Am I excited? Maybe. But I’m way more nervous than excited. I don’t know what to expect and, frankly, I don’t want to expect because I'm afraid all my expectations will be proven false. All of this is happening so fast. A week ago, I was literally counting down the minutes to when I’ll leave for college, but now I’m slightly anxious. A whole new world. A whole new set of people who might dislike me. No one familiar, no one from my country. Just me who is not only carrying my own burdens but the burden to represent my religion, my country, my family? Or maybe I’m just overthinking this. Maybe no one will care where I’m from or what my beliefs are. Maybe they’ll be more interested in who I am as a person, my hobbies and my dreams. I just don’t know.

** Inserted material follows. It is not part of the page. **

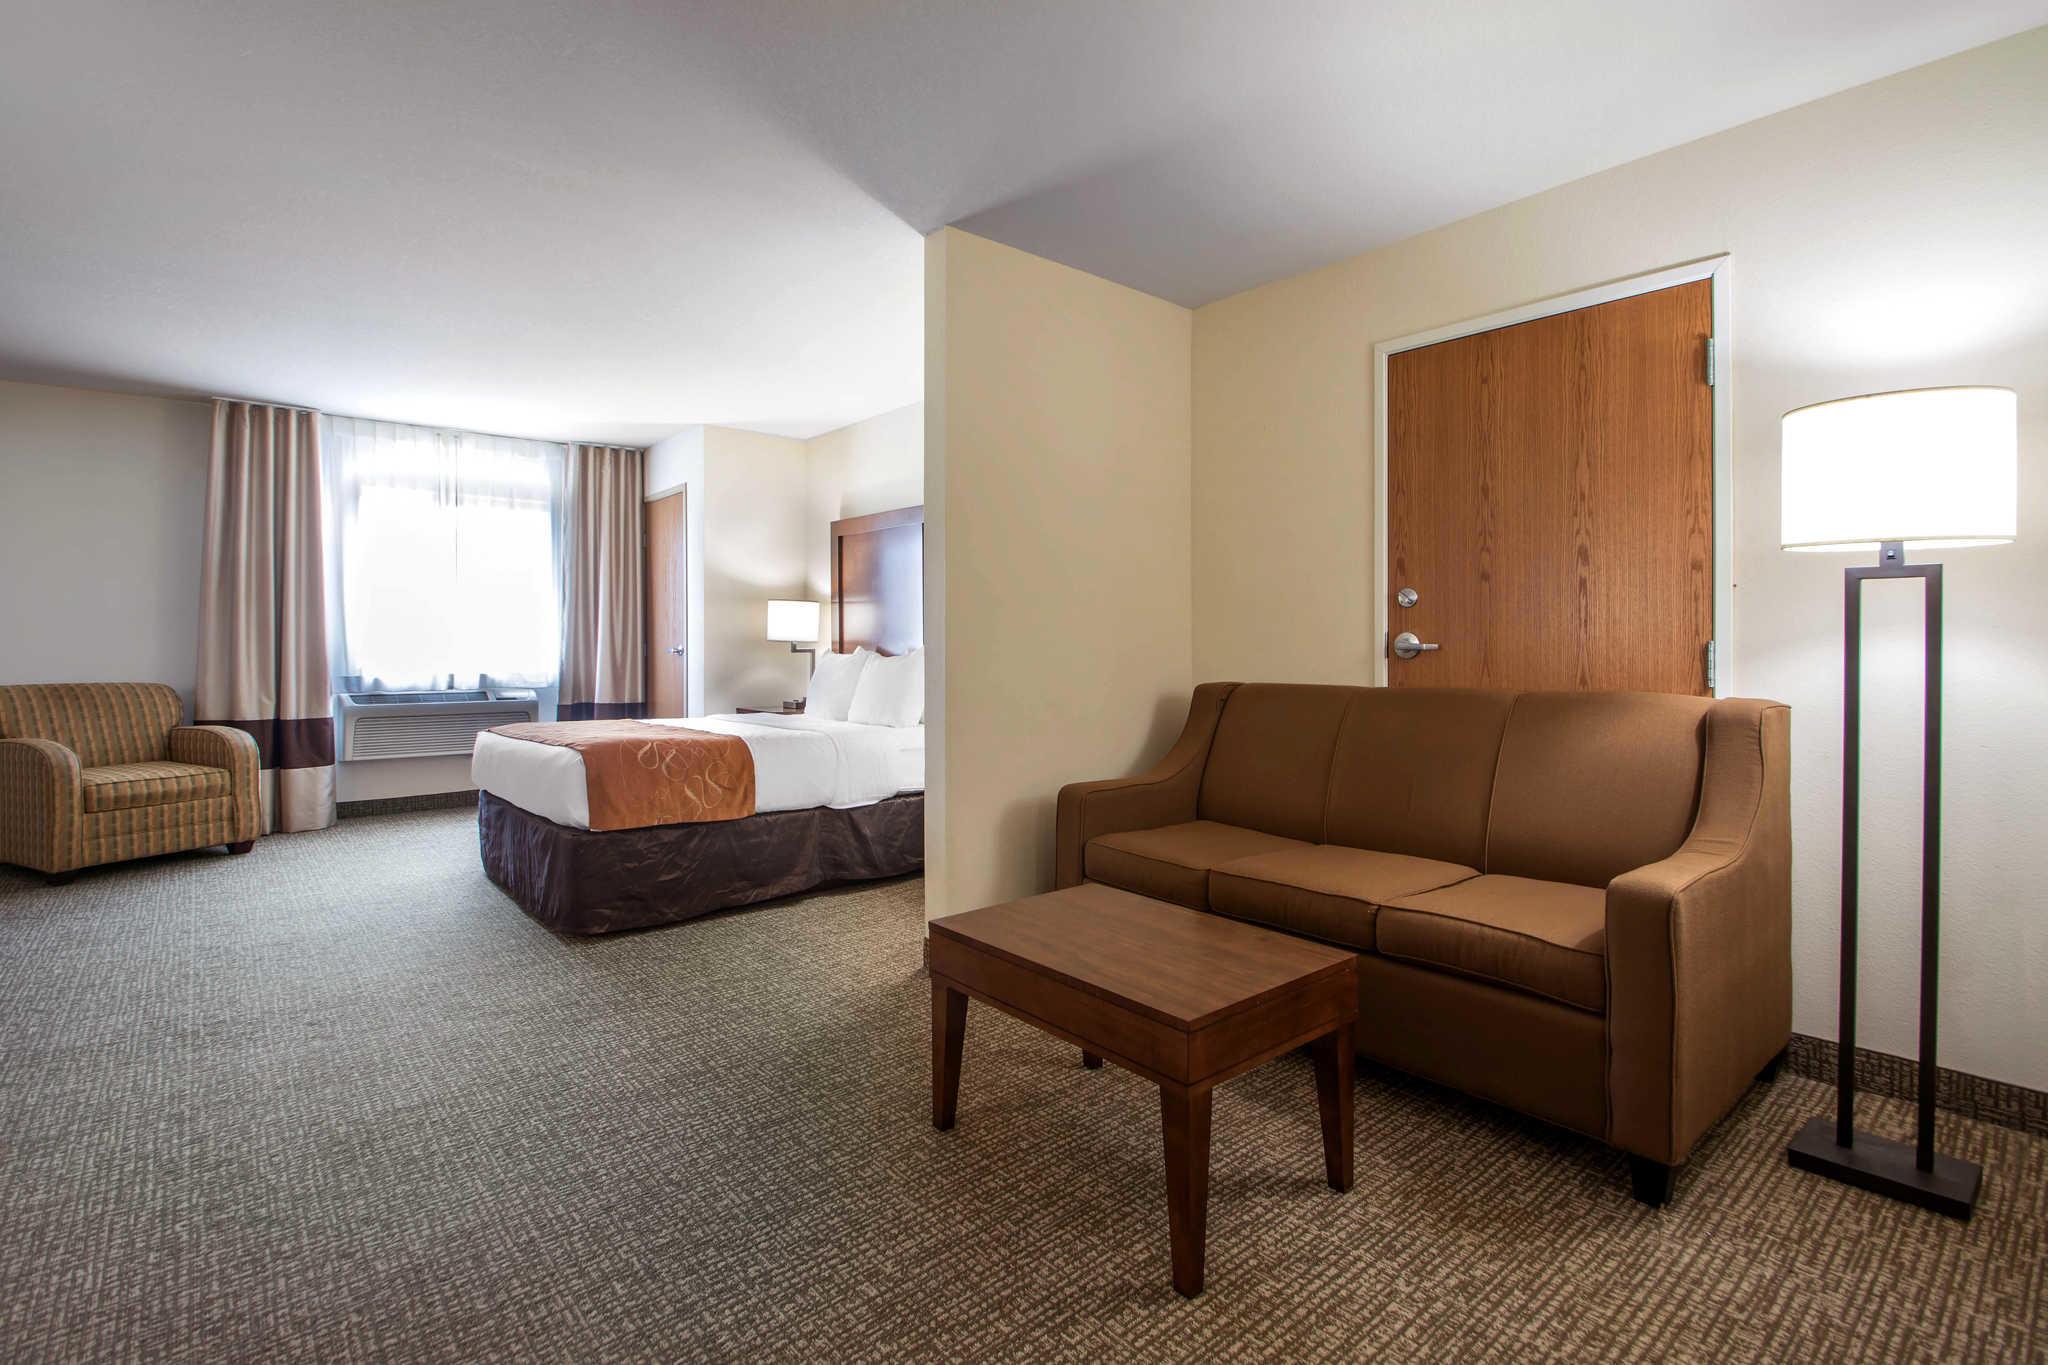 Comfort Suites Johnson Creek Conference Center image 21

I see the packed suitcases staring at me, waving me goodbye. Our family portrait, hung right in the center of our living room’s north wall, sadly gazing at me. It’s all becoming so real now. I’ve always dreamed of packing my stuff and leaving this country for good. I still want that more than ever but I never knew I’ll feel so nostalgic, even before leaving. What about my family? What about special occasions? What about my best friend’s surprise birthday? What about my niece’s first steps? I won’t be there to experience and cherish all these events. I’ll be gone.
My mother is so proud of me but I know she’s scared; scared of setting her youngest child free. She has always encouraged me to do whatever I want and just when I thought it was my turn to give back to her, I’m going far far away. She never tells me not to go, she just tells me to be happy and do what I think is right. Thank you, Mom. I promise you I’ll do everything in my capacity to make you proud and live a comfortable/tension-free life.
My brother side-hugged for me the first time ever (literally). I’ve received messages from people I haven’t talked to in ages to wish me the best of luck. I’ve been eating my favorite food (Go Desi!) all week. It’s lovely but frightening. Will I taste biryani in the next three months? Who will make my food extra spicy? Can I order up some curry and rice whenever I like?
These problems might seem trivial and maybe they are, but for me, this is about letting go of everything I’ve ever known. I believe I’m ready to begin a new life, with new surroundings, new friends, and new discoveries. I hope this will be a smooth but exhilarating ride. I’m coming for you, Trinity!